## Task item
Although the data below contains pictures, please reproduce only its words, exactly.

══ Provided material

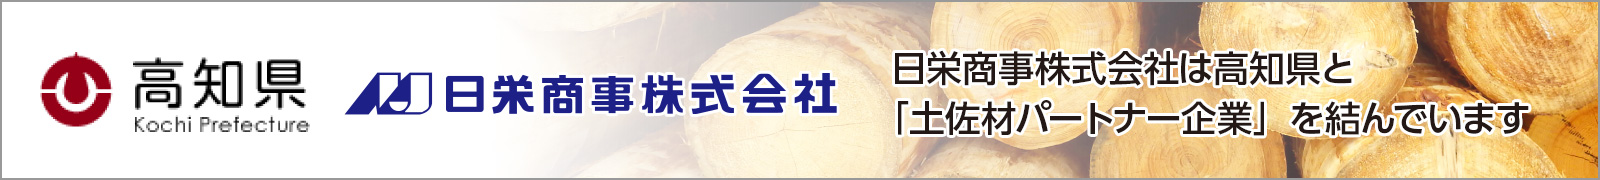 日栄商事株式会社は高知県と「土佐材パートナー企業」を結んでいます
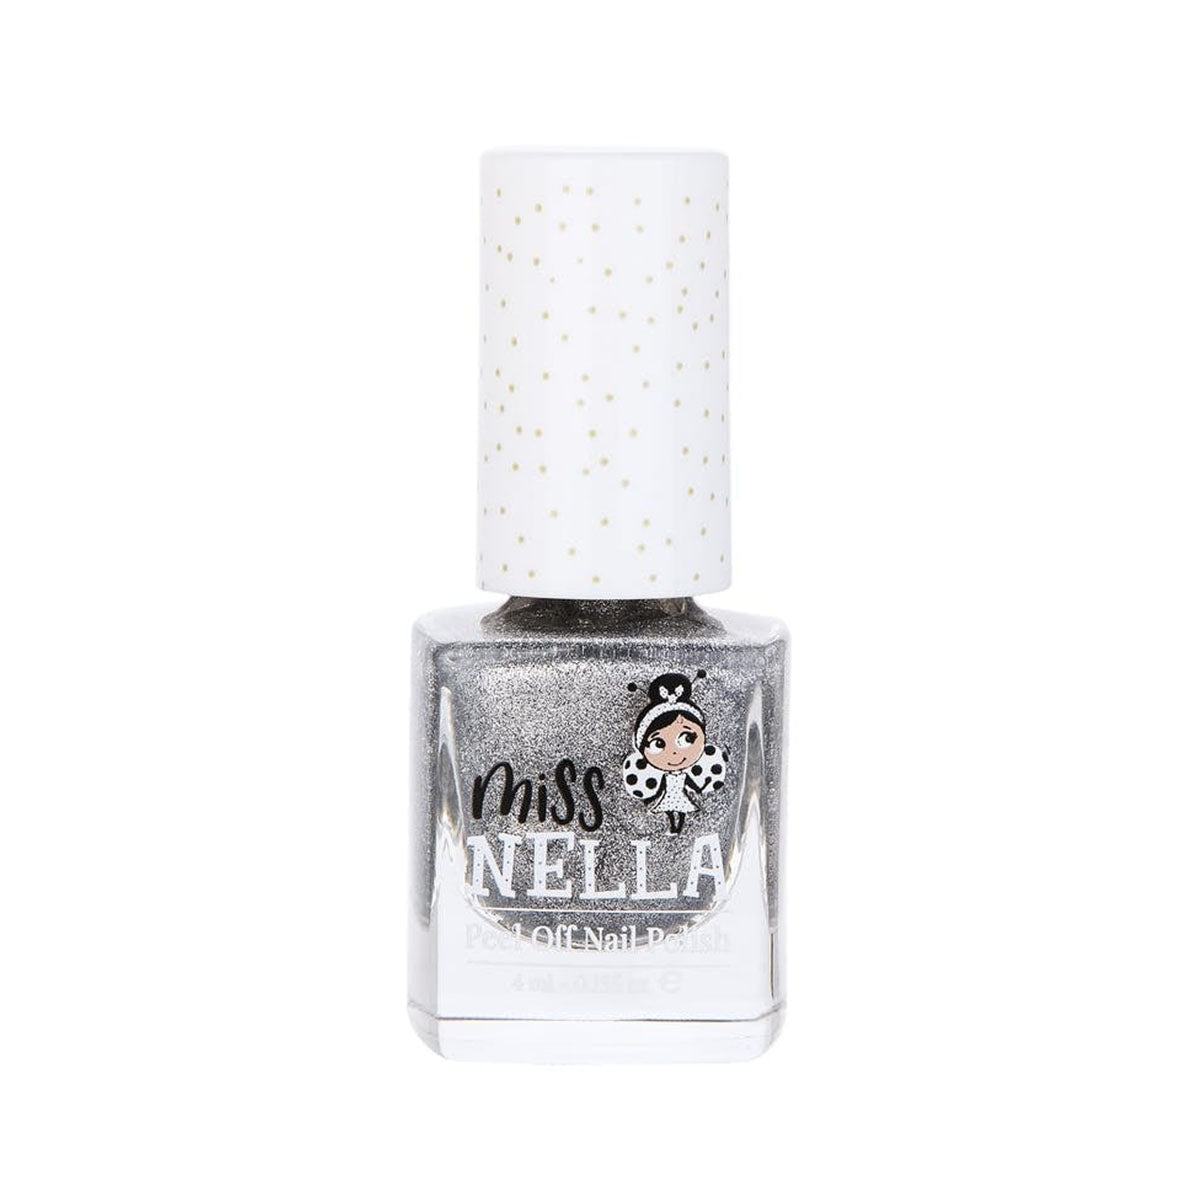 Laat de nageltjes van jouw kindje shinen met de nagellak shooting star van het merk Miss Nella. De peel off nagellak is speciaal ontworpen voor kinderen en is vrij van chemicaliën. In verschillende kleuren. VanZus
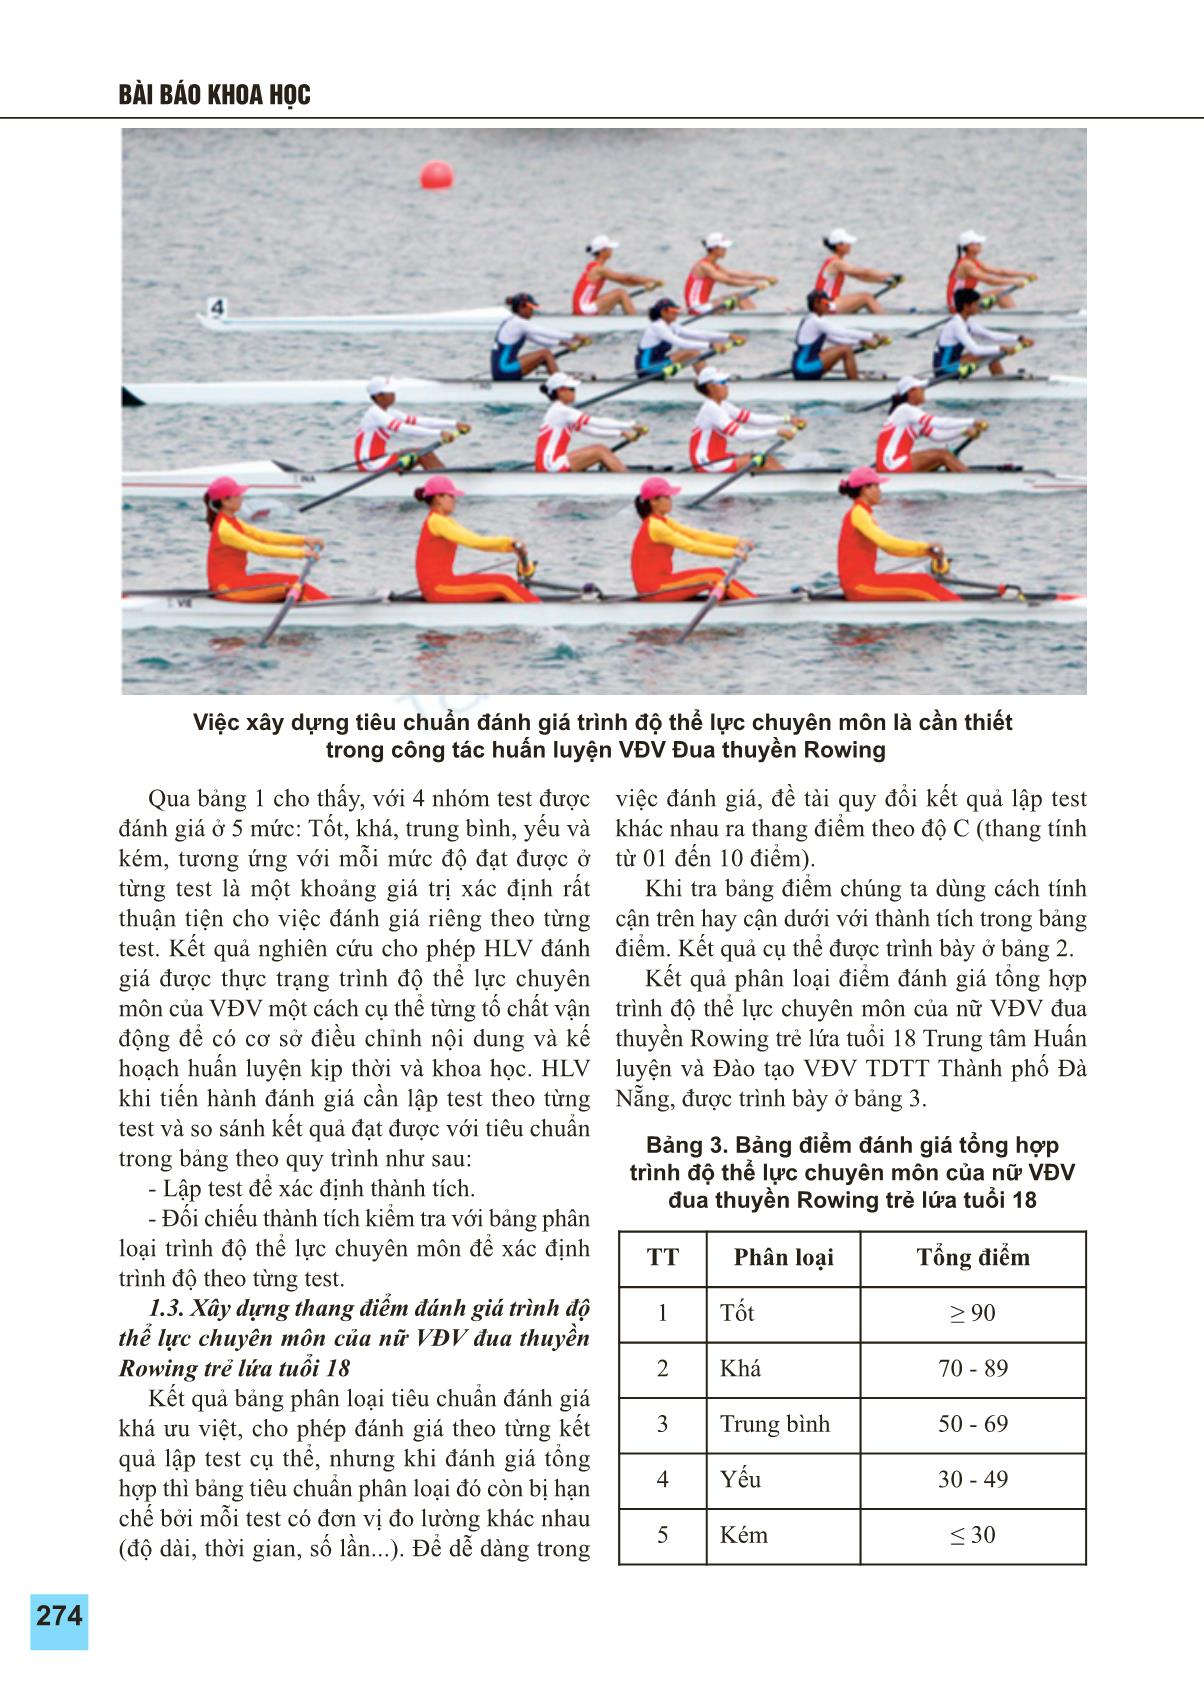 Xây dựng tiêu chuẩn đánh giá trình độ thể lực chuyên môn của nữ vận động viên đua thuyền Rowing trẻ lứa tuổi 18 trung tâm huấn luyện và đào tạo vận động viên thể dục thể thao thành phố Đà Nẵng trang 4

════

## Completed task
 日栄商事株式会社は高知県と「土佐材パートナー企業」を結んでいます
 Laat de nageltjes van jouw kindje shinen met de nagellak shooting star van het merk Miss Nella. De peel off nagellak is speciaal ontworpen voor kinderen en is vrij van chemicaliën. In verschillende kleuren. VanZus
 Xây dựng tiêu chuẩn đánh giá trình độ thể lực chuyên môn của nữ vận động viên đua thuyền Rowing trẻ lứa tuổi 18 trung tâm huấn luyện và đào tạo vận động viên thể dục thể thao thành phố Đà Nẵng trang 4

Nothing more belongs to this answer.